**YOUR GOAL**.
With the pictures left aside, write out exactly the lines of the listing below from the line with "White round di" to the line with "Dossiers du Personnel", both included, and only those.

**INPUT FOR THIS TASK**.
- - - - - - -

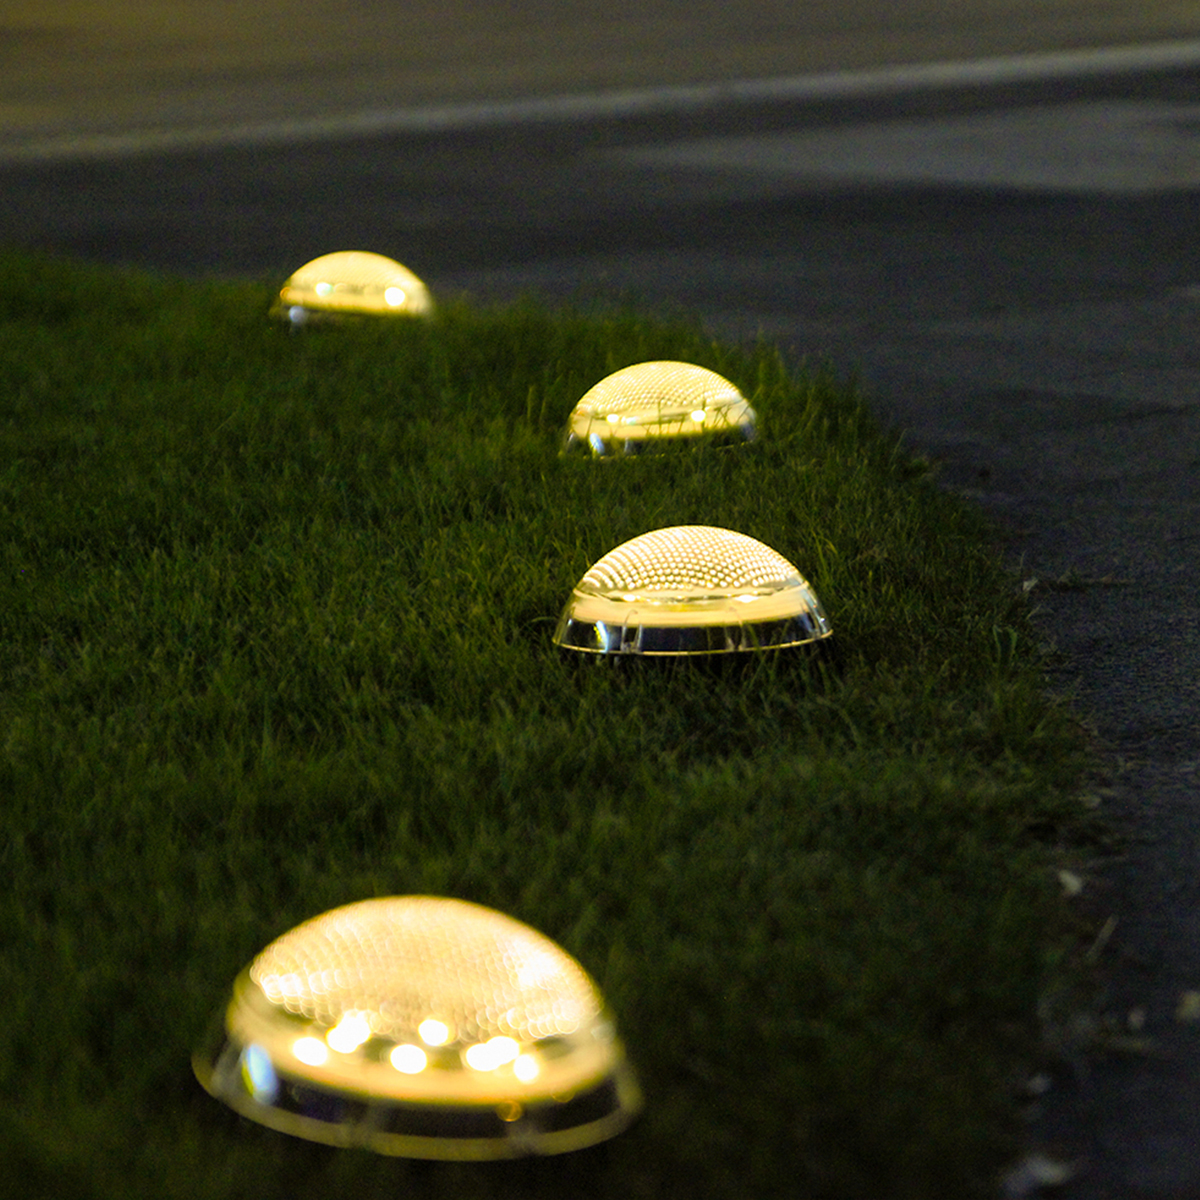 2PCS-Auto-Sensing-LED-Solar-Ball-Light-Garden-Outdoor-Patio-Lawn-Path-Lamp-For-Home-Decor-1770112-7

- - - - - - -

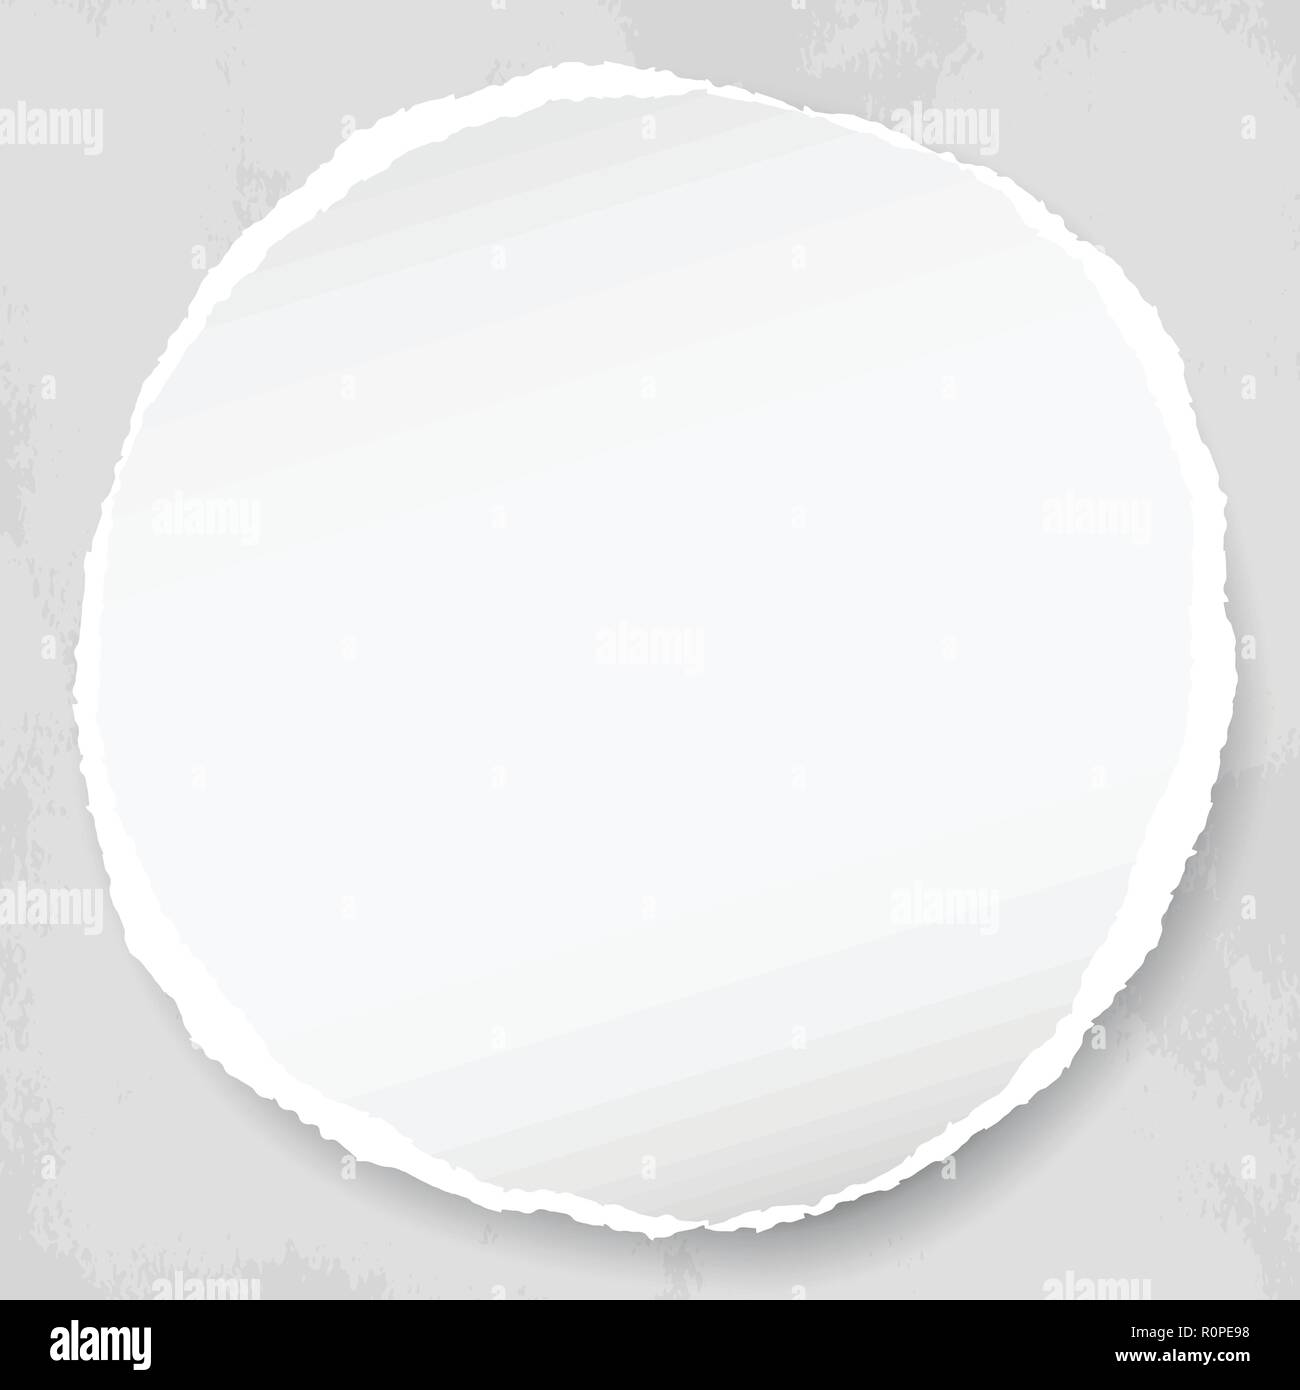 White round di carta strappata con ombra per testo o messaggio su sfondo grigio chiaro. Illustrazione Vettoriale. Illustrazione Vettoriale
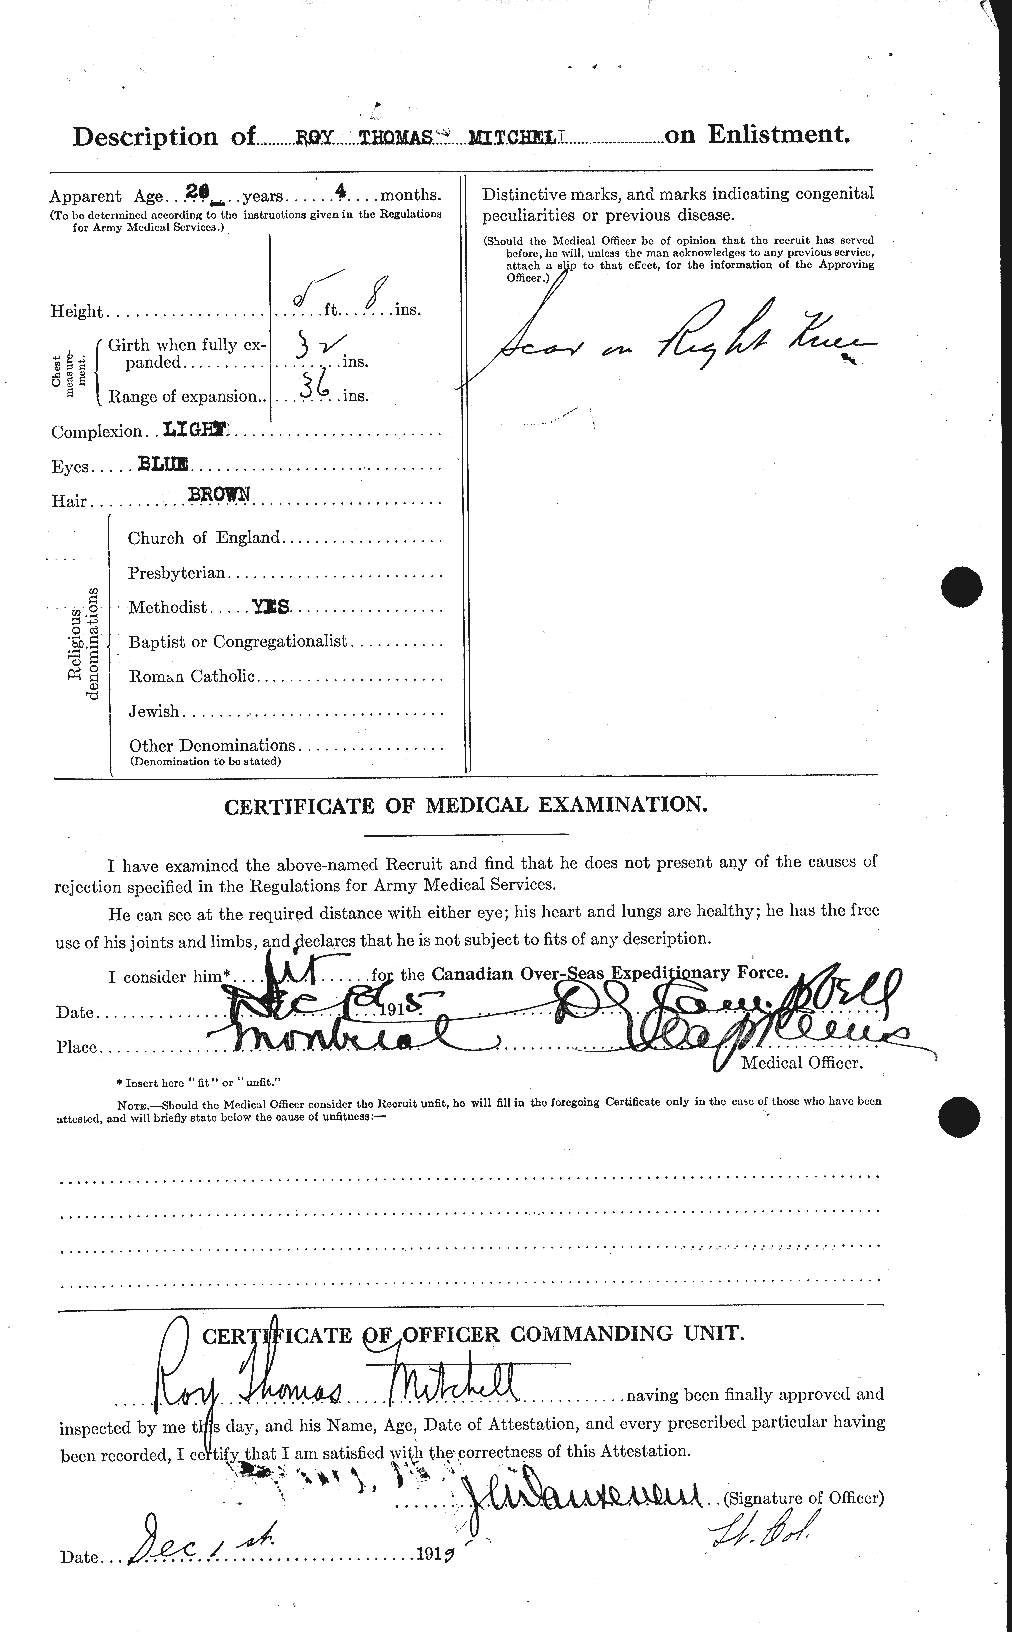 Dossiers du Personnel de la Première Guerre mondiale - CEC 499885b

- - - - - - -

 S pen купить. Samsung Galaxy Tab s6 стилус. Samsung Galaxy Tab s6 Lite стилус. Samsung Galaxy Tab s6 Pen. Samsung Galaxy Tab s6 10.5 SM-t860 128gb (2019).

- - - - - - -

**OUTPUT OF THE EXERCISE**.
 White round di carta strappata con ombra per testo o messaggio su sfondo grigio chiaro. Illustrazione Vettoriale. Illustrazione Vettoriale
 Dossiers du Personnel de la Première Guerre mondiale - CEC 499885b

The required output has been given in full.